Personal life
- Born: 1 October 1960 Kano State, Nigeria
- Era: Modern era
- Region: Northern Nigeria
- Main interest(s): Fiqh, Tafsir, and Tawhid,
- Notable idea(s): My Vote, My Pride in 2014
- Education: Sardauna Memorial College (SMC), Ahmadu Bello University, Umm al-Qura University
- Occupation: Medical Doctor Consultant, Islamic cleric, Teacher, and Mufassir

Religious life
- Religion: Islam
- Denomination: Sunni
- Jurisprudence: Maliki

Muslim leader
- Influenced by Ibn Taymiyah, Malik Ibn Anas and Abubakar Gumi;
- Allegiance: Nigeria
- Branch: Nigerian Army
- Service years: 1982–1987
- Rank: Captain

= Ahmad Abubakar Gumi =

Islamic scholar

Pronunciation of Ahmad Abubakar Gumi

Ahmad Abubakar Gumi is a Nigerian Islamic cleric and former military officer. He serves as the current Mufti and Mufassir at the Kaduna central mosque Sultan Bello.

==Early life==
Ahmad Gumi is the eldest son to late Shaykh Abubakar Gumi. He was born in Kano state. He came from a geneanalogy of Islamic scholars with his father being the first Grand Khadi of the old Northern Region. His father was instrumental in the revivification of Islam in Northern Nigeria, particularly under Sir Ahmadu Bello.

==Education==
Ahmad Gumi attended Sardauna Memorial College (SMC) for his senior secondary education. After secondary school he got admitted into the Ahmadu Bello University where he studied medicine and after his graduation he was enlisted into the Nigeria Defence Academy. Gumi resigned from military service at the rank of Captain and moved to Egypt and got admitted to Azhar University in 1987 and after 2 years he moved to Saudi Arabia to further his Islamic education at the Umm al-Qura University where he studied Islamic Jurisprudence and Tafsir. His colleagues at the university included Abdur-Rahman As-Sudais, Saud Al-Shuraim. He also gives annual Ramadan Tafseer in Sultan Bello Mosque Unguwan sarki Kaduna.

==Military career==
He served in the Nigerian Army Medical Corp (NAMC) as a medical officer and he retired as a captain.

== Bandits advocacy ==
As a result of insecurities all over Nigeria, Ahmad Gumi strives to negotiate with kidnappers to lower their arms for a safer Nigeria. He used to enter the bushes and forests reaching out to their various bandit camps and hideout, dragging their attentions to submit to the will of Allah and not to keep on kidnapping or killing people for wealthy ransom, as Allah will grant them forgiveness if they repent.

Kidnapping children from school is a lesser evil because in the end, you can negotiate and now bandits are very careful about human lives. Before, the mission of bandits was to go into a town, ransack it and kill people."
— Ahmad Gumi

This mission started in February 2021 when Ahmad Gumi attended a peacemaking mission in Zamfara State. Since that occasion, he has taken many preaching visits to Katsina, Kaduna and Niger states, urging bandits to stop attacking people.

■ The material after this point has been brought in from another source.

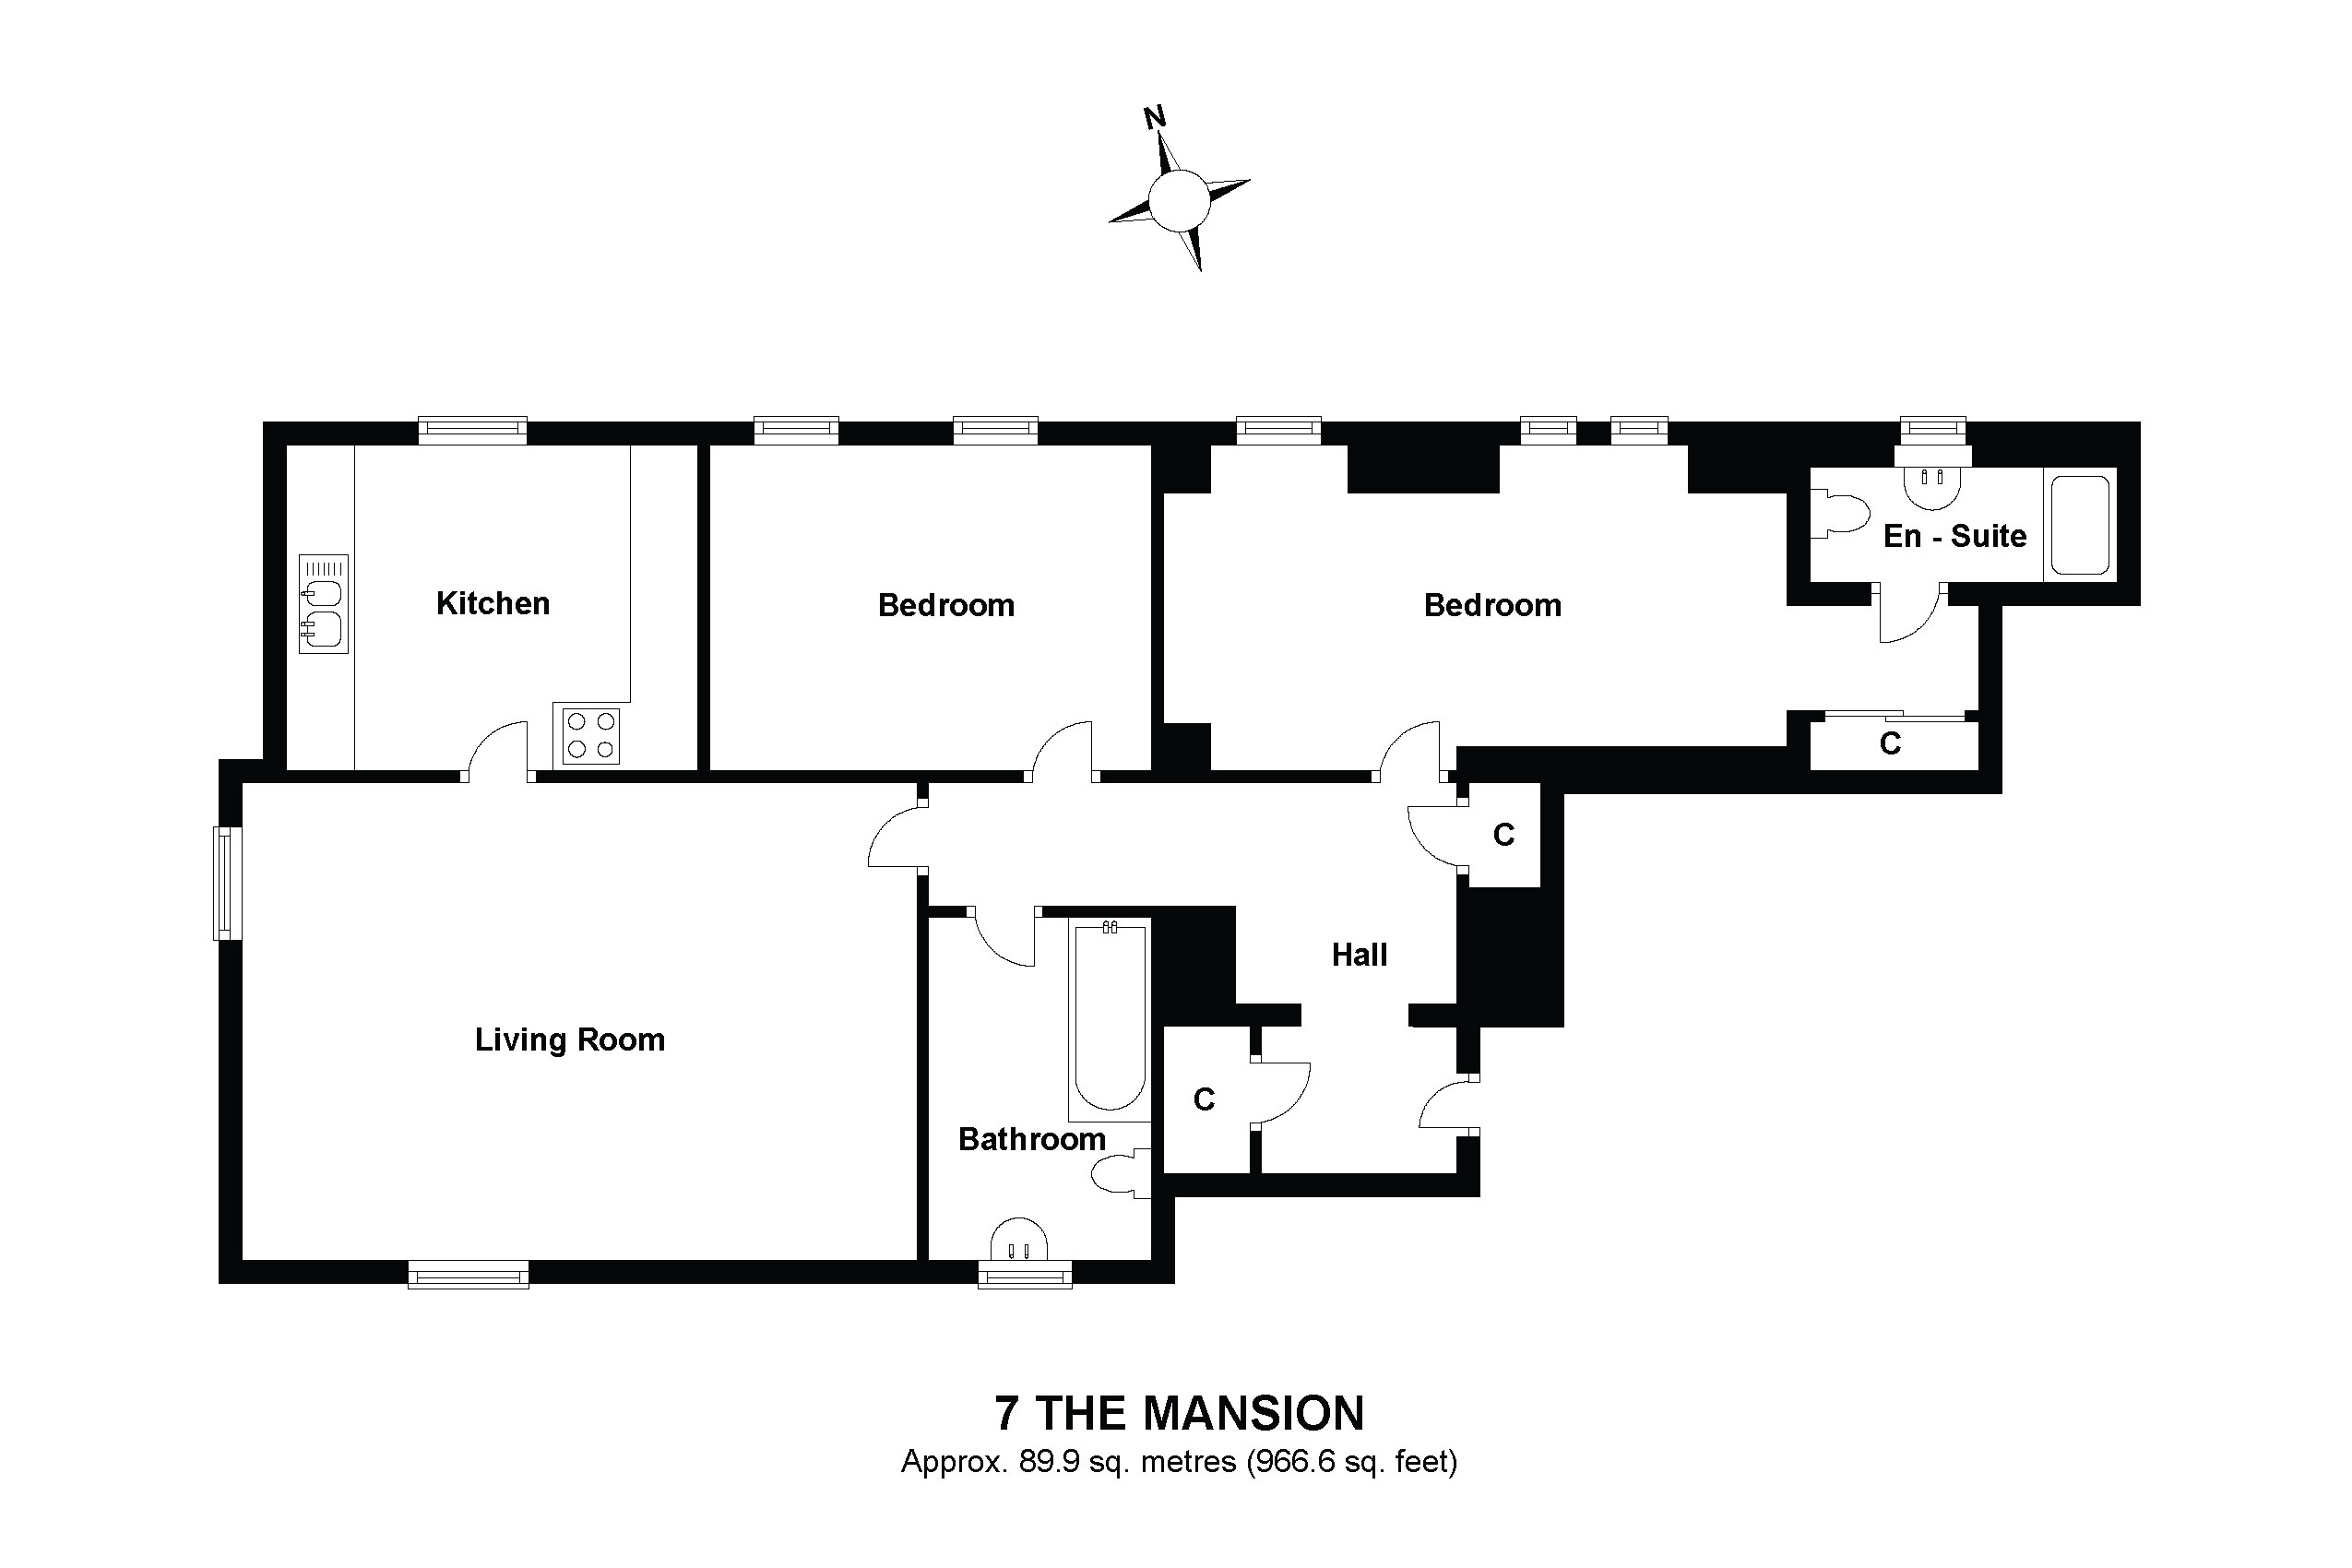 7 The Mansion Floorplan

When he heard about the Greenfield University kidnapping, he initiated and successfully led the release of 27 abducted students. The kidnappers had previously killed five of the students and released one of them after a ransom was paid. They had threatened to kill the remaining hostages if a ransom was not paid before the coming Wednesday as the expiration deadline.

Ahmad Gumi also met different kidnappers for the issues of people abduction seeking for their freedom. He met kidnappers on the issue of Kagara students in Niger State.

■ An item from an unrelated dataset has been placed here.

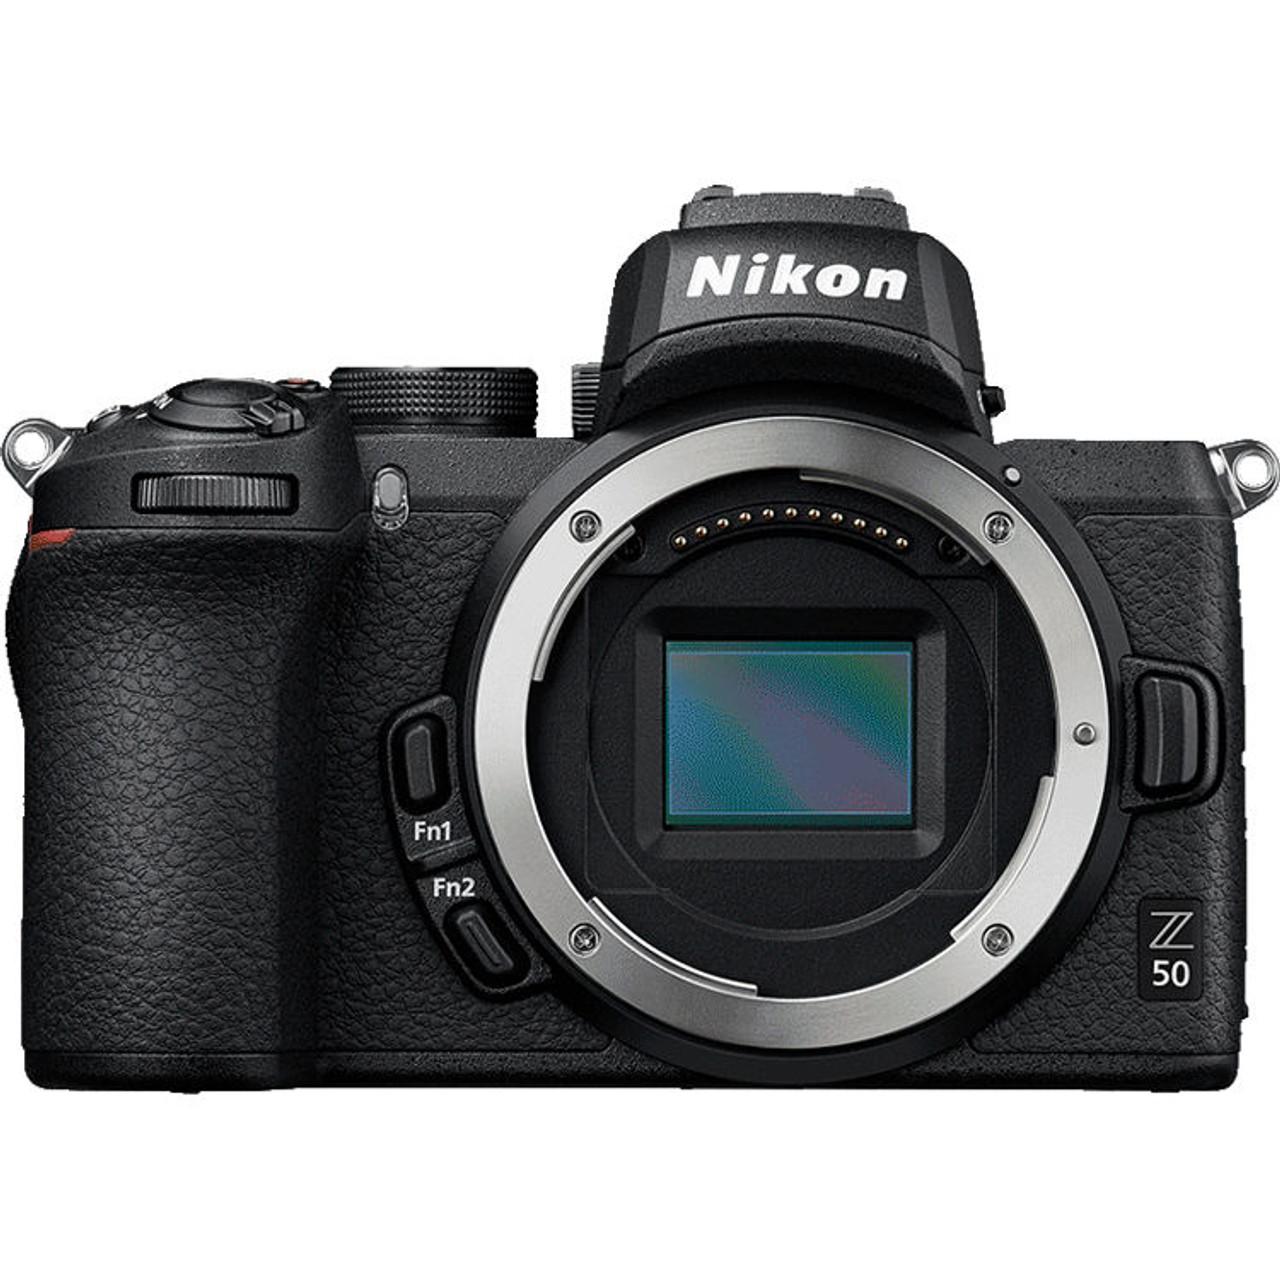 Nikon Z 50 Mirrorless Digital Camera Body

On different occasions, he called the attention of kidnappers to drop their weapons by submitting to the will of Allah and to abide by the Nigerian Constitution, and to the Nigerian Government to pardon and grant amnesty for the sake of Nigerian people to live in peace and harmony without living in tension situations.

"If the country could pardon coup plotters who committed treasonable offences in the era of military administration, the bandits can as well enjoy similar forgiveness even better under democratic rule."
— Ahmad Gumi

== Criticism ==
On Friday, June 25, 2021, the Department of Security Service (DSS) invited Ahmad Gumi for interrogation due to how he relates with the bandits across Nigeria supposedly for peacemaking.